▶ **Data records**
↓↓↓
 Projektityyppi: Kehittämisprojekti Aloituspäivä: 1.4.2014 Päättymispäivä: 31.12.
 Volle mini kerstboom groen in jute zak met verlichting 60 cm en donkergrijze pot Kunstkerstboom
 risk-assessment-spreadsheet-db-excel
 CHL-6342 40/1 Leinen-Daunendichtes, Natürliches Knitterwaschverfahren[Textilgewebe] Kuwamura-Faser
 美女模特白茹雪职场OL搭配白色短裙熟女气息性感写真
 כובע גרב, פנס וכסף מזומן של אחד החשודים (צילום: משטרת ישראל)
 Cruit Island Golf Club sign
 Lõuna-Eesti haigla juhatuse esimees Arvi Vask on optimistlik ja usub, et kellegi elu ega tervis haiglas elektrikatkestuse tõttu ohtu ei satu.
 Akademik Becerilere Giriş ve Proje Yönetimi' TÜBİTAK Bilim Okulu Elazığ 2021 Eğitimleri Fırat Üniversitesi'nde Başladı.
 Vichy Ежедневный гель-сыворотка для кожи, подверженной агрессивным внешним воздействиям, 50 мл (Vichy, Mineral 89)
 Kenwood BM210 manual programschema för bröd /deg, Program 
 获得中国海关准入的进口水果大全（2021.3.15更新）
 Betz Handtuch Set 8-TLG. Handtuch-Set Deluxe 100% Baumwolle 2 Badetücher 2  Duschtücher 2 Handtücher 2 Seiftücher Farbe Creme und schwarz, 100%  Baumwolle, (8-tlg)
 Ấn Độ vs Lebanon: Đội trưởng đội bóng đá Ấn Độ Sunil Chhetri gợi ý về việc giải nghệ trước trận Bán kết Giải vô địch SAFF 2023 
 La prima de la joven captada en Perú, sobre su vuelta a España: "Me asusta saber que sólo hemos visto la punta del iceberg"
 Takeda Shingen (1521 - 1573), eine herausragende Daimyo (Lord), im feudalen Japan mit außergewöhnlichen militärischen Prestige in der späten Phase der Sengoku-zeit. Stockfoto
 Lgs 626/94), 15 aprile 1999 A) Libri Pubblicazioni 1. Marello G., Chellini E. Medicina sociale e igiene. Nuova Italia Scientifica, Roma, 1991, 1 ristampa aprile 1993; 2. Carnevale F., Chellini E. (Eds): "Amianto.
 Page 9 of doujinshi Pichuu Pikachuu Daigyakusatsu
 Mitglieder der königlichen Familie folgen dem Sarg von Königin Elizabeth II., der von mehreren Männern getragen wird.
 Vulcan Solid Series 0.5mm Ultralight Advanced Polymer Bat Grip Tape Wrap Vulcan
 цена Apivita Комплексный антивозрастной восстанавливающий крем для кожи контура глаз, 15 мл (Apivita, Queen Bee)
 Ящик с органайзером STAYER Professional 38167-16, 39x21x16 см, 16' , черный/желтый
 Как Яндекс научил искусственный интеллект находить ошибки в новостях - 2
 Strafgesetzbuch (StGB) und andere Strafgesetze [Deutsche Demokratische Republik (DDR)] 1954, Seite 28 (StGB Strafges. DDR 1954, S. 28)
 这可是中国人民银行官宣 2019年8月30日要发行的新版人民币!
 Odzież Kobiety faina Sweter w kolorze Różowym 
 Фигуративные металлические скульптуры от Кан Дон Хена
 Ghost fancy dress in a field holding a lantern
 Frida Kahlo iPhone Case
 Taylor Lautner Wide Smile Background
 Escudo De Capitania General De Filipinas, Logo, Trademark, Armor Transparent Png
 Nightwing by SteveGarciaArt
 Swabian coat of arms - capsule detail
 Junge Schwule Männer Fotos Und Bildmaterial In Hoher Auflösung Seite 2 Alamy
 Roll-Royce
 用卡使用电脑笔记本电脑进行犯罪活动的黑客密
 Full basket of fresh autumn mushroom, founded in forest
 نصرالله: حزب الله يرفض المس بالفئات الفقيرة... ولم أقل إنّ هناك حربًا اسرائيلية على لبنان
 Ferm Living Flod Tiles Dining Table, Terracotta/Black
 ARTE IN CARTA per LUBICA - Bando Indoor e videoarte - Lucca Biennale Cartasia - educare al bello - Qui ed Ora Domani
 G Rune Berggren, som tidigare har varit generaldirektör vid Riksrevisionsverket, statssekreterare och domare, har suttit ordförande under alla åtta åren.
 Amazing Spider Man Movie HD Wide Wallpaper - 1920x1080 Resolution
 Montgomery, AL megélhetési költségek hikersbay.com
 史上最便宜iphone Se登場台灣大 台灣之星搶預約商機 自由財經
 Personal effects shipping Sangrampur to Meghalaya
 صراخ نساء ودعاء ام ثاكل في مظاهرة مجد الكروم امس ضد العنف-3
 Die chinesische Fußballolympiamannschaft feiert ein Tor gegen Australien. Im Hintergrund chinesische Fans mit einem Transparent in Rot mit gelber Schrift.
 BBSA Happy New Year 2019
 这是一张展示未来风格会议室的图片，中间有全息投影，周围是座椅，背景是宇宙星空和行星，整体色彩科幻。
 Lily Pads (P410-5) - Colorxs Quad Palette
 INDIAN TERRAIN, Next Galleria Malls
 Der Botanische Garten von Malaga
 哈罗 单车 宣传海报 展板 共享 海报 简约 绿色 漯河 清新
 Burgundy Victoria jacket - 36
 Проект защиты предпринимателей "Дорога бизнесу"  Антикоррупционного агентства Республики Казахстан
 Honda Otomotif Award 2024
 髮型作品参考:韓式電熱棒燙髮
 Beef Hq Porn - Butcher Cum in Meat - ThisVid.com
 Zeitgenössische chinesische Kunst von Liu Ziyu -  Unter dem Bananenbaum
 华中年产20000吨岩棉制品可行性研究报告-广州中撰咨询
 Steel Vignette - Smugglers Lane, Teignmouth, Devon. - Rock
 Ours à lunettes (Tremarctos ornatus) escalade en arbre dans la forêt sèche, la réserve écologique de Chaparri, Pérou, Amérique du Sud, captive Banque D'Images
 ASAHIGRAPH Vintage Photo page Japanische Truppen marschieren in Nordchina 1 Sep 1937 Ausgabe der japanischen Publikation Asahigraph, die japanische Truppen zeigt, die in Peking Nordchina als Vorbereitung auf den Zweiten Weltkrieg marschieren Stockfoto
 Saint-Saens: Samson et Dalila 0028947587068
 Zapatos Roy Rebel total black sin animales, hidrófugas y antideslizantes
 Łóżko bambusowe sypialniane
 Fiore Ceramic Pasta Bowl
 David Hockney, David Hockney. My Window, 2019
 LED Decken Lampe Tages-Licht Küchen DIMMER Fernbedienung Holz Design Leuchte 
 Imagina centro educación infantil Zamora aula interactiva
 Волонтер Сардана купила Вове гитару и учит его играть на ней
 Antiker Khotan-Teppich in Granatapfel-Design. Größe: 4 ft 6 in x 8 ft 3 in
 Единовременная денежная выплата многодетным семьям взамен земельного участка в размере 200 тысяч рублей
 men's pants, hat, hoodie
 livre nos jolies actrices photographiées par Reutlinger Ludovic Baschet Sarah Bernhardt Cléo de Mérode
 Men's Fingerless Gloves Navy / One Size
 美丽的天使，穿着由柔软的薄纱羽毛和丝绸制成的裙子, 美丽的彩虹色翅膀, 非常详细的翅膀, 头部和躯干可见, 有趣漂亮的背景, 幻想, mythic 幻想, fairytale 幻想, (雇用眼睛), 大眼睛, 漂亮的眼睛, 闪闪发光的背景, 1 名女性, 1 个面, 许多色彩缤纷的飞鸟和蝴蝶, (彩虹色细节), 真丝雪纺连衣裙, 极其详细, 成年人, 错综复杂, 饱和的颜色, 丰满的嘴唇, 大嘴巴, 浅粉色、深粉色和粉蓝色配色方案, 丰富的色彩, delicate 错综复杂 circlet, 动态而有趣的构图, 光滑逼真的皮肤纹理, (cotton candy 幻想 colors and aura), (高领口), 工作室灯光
↑↑↑
▶ **Work to be completed**
Please show every line of the records that holds the word "Design".

▶ **Solution to this exercise**
 LED Decken Lampe Tages-Licht Küchen DIMMER Fernbedienung Holz Design Leuchte 
 Antiker Khotan-Teppich in Granatapfel-Design. Größe: 4 ft 6 in x 8 ft 3 in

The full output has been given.